**Information shown**.

──────

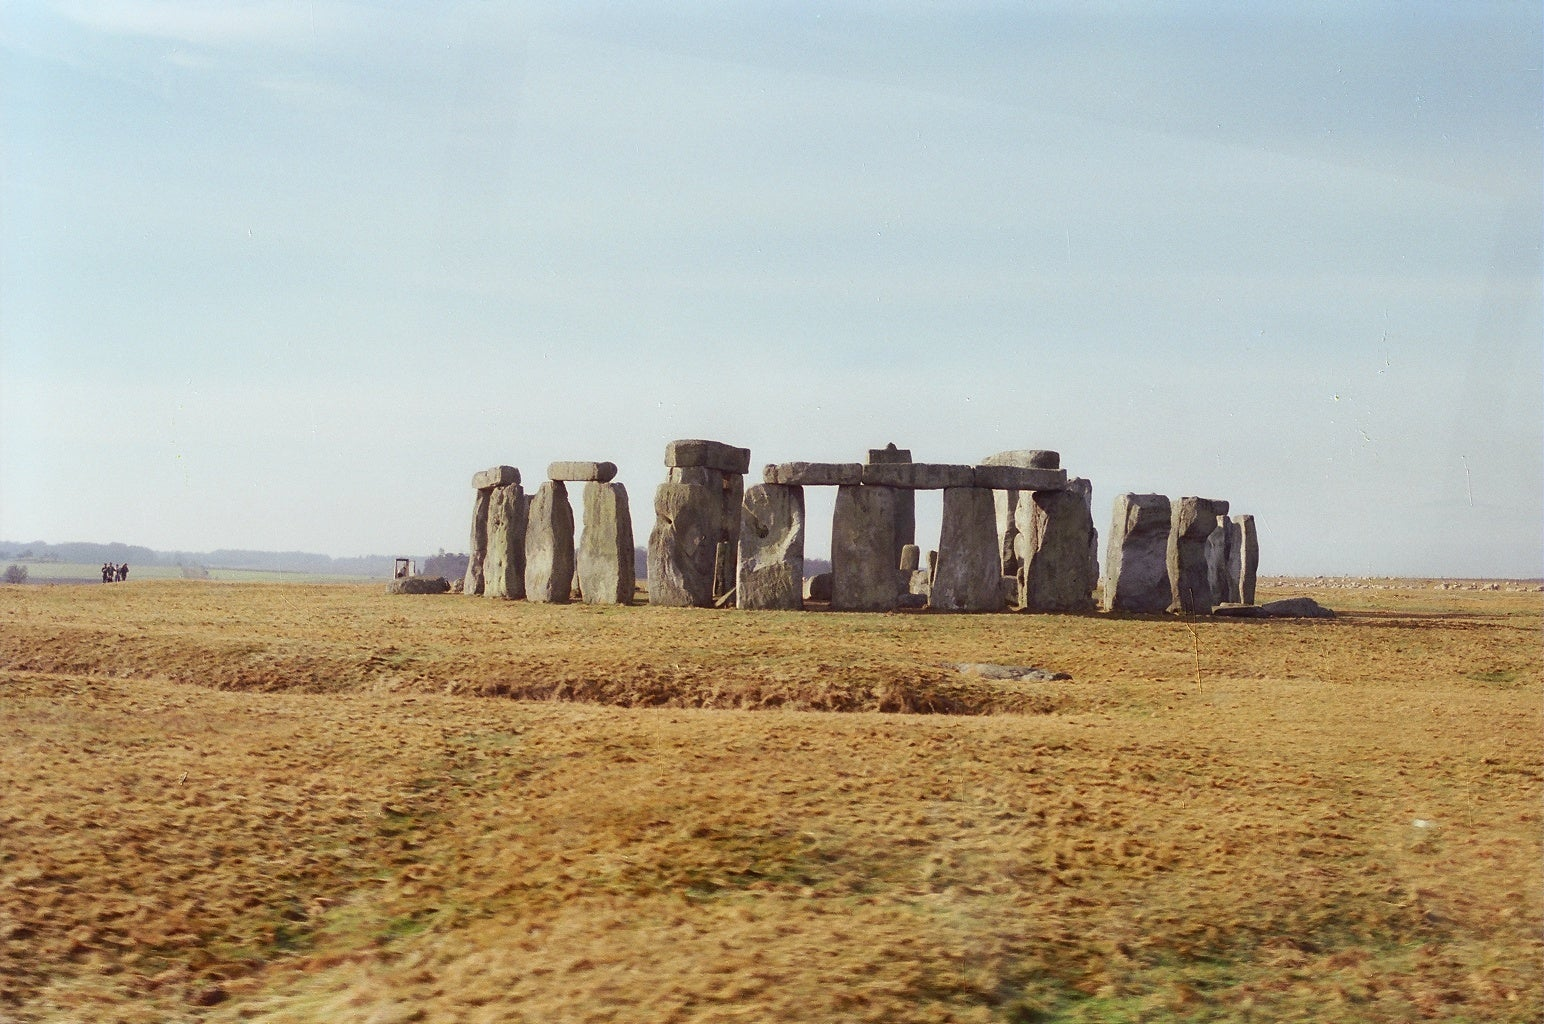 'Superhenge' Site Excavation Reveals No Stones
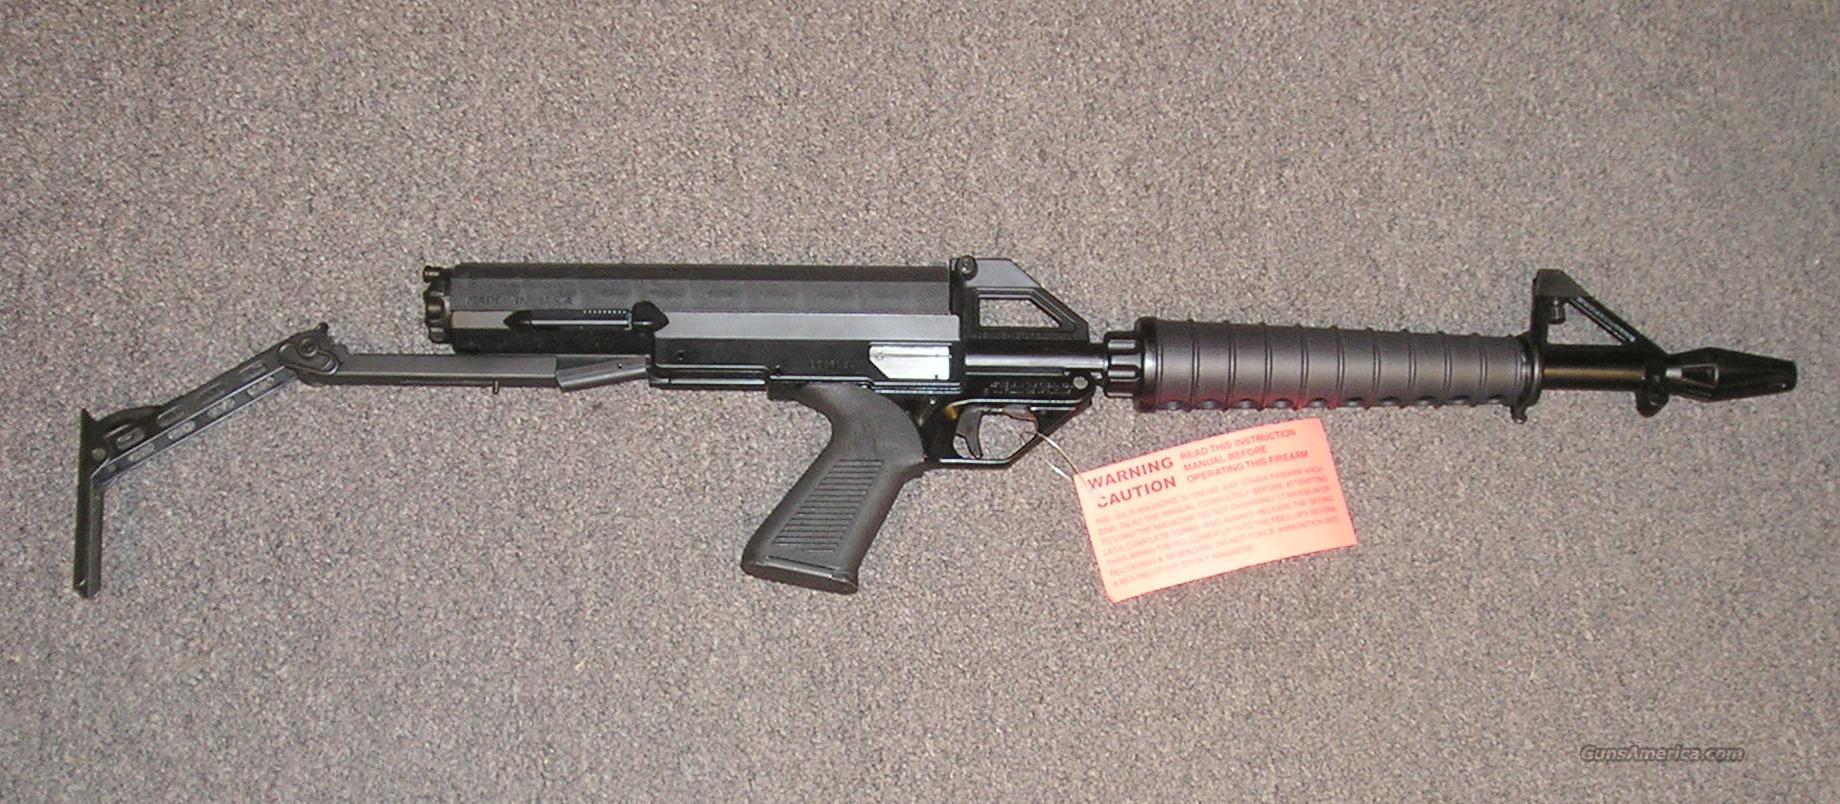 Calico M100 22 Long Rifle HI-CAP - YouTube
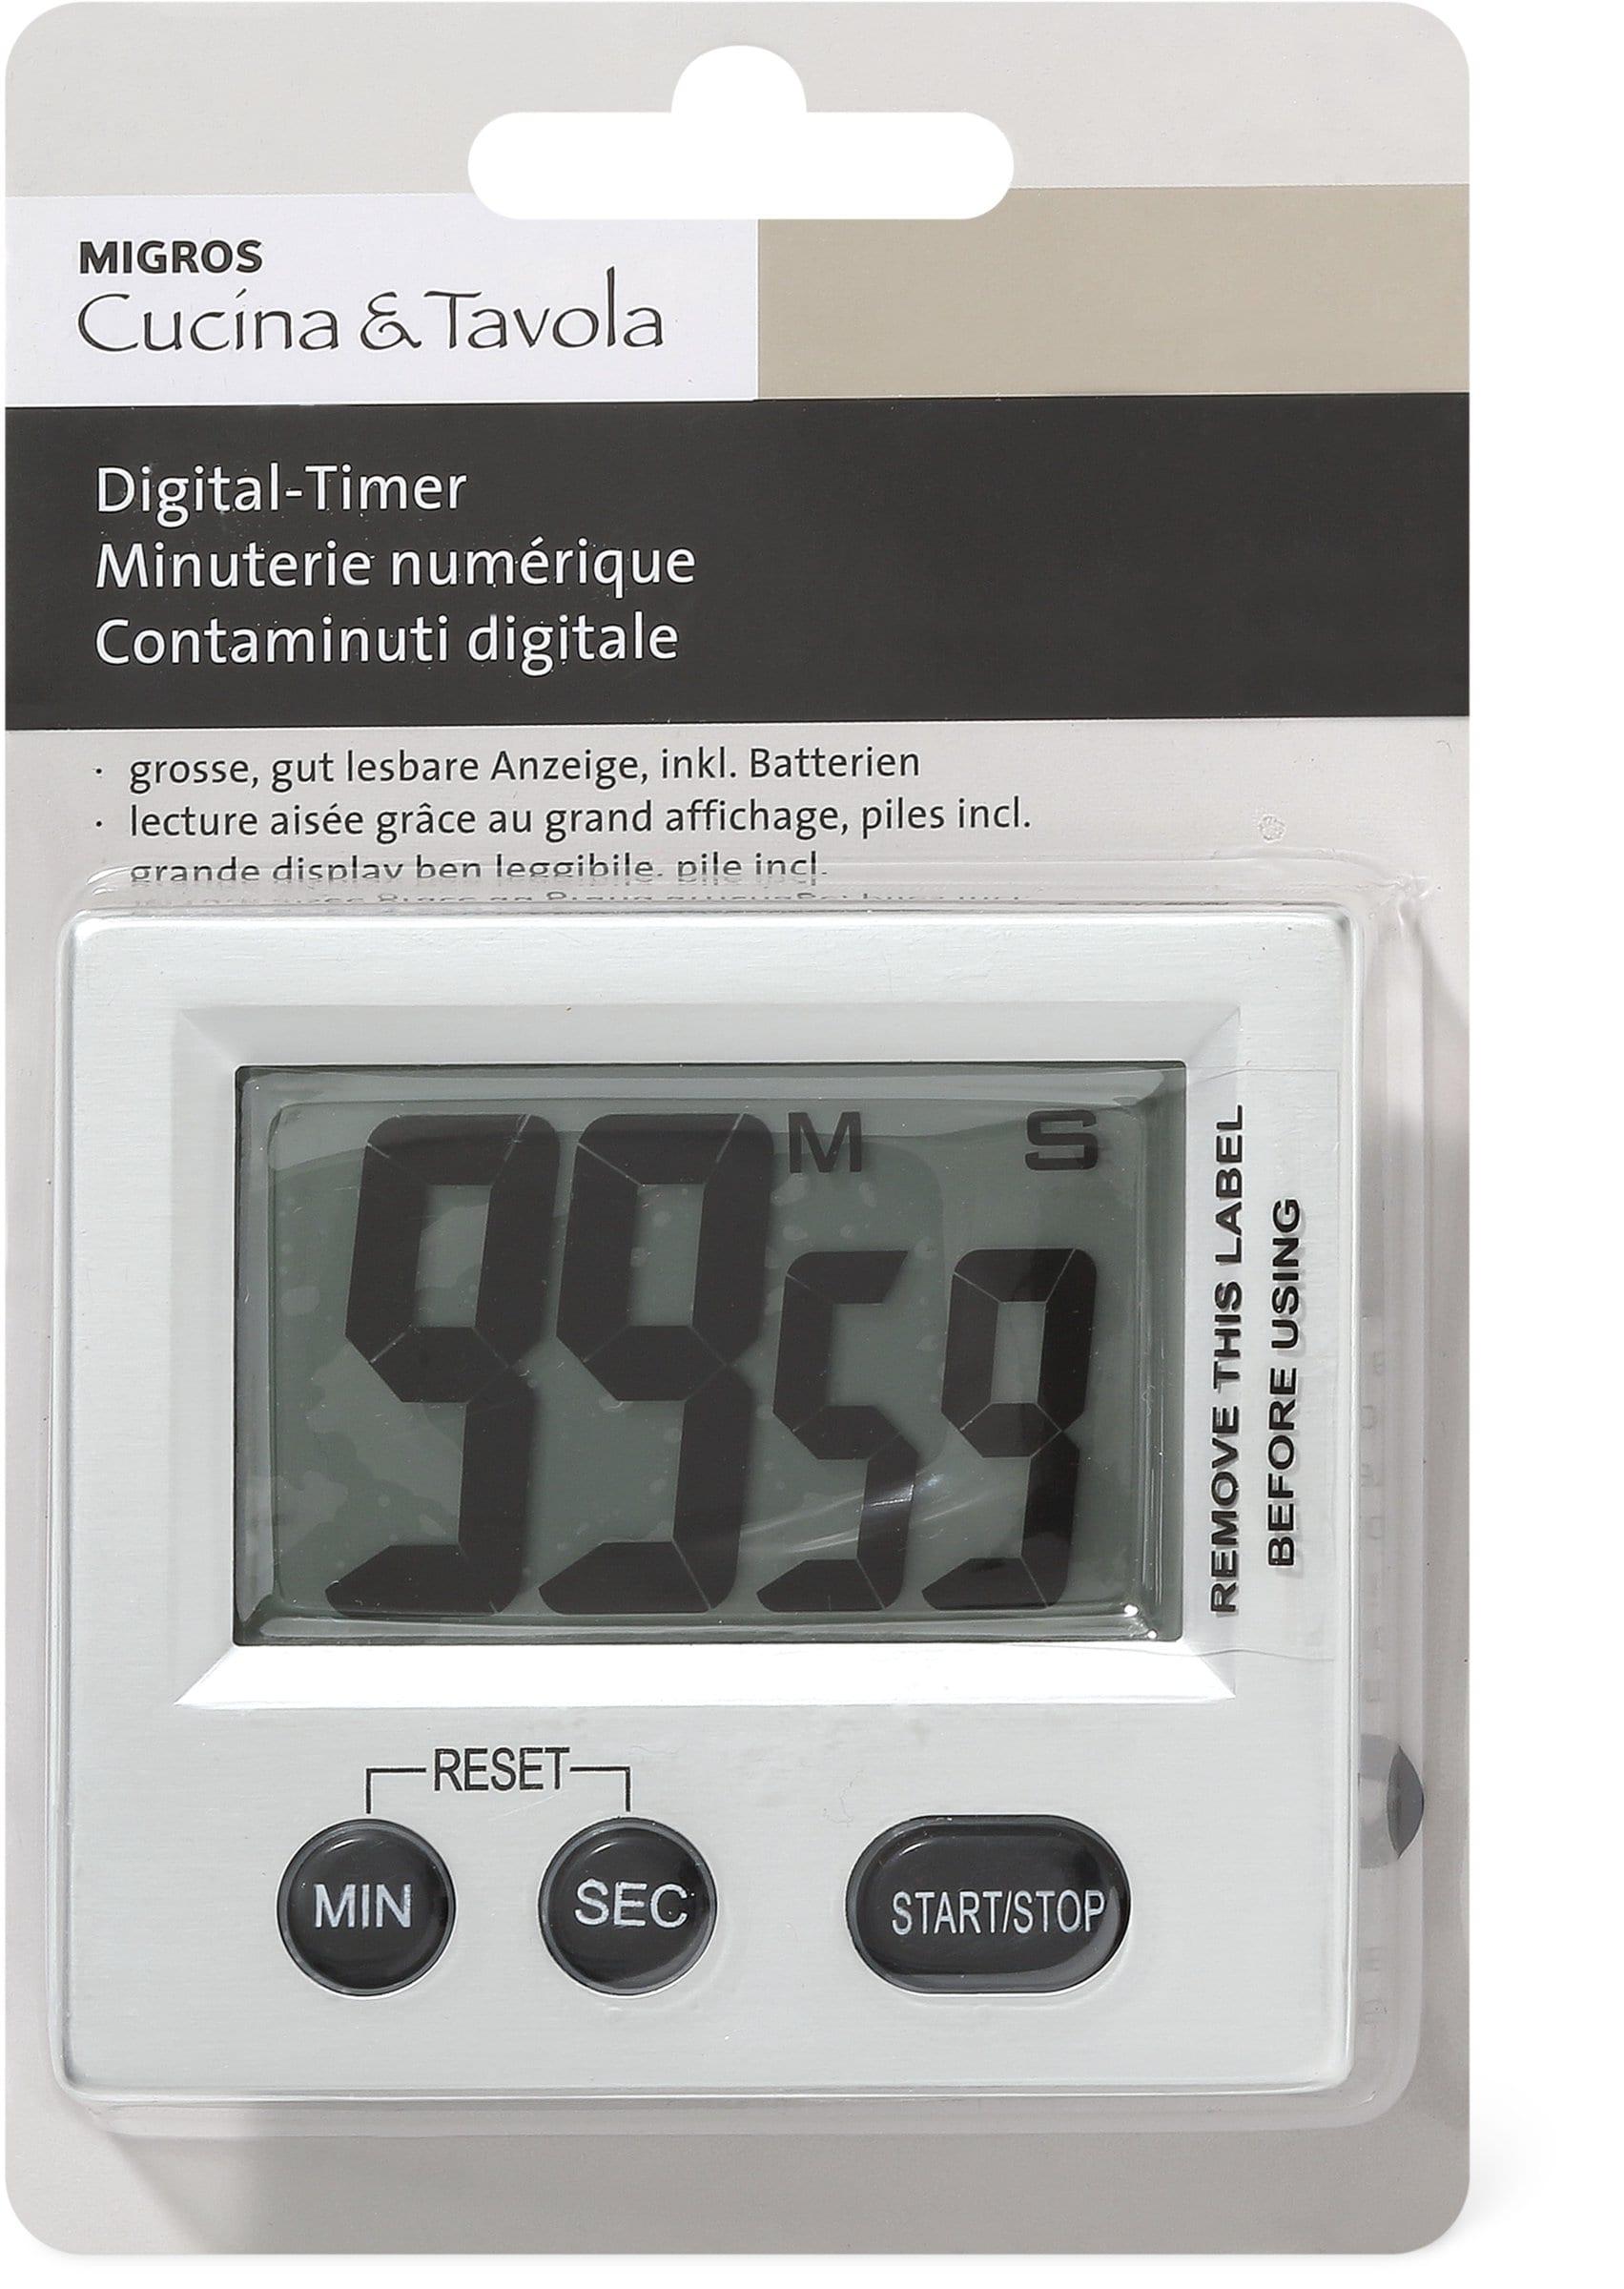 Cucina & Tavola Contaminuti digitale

──────

**Goal of the exercise**.
Reproduce exactly, and only, the lines that begin at the one containing "Calico M100 22 Long Rifle HI-CAP - YouTube" and end with the final line of the data, both included, while omitting every picture.

**Written response**.
 Calico M100 22 Long Rifle HI-CAP - YouTube
 Cucina & Tavola Contaminuti digitale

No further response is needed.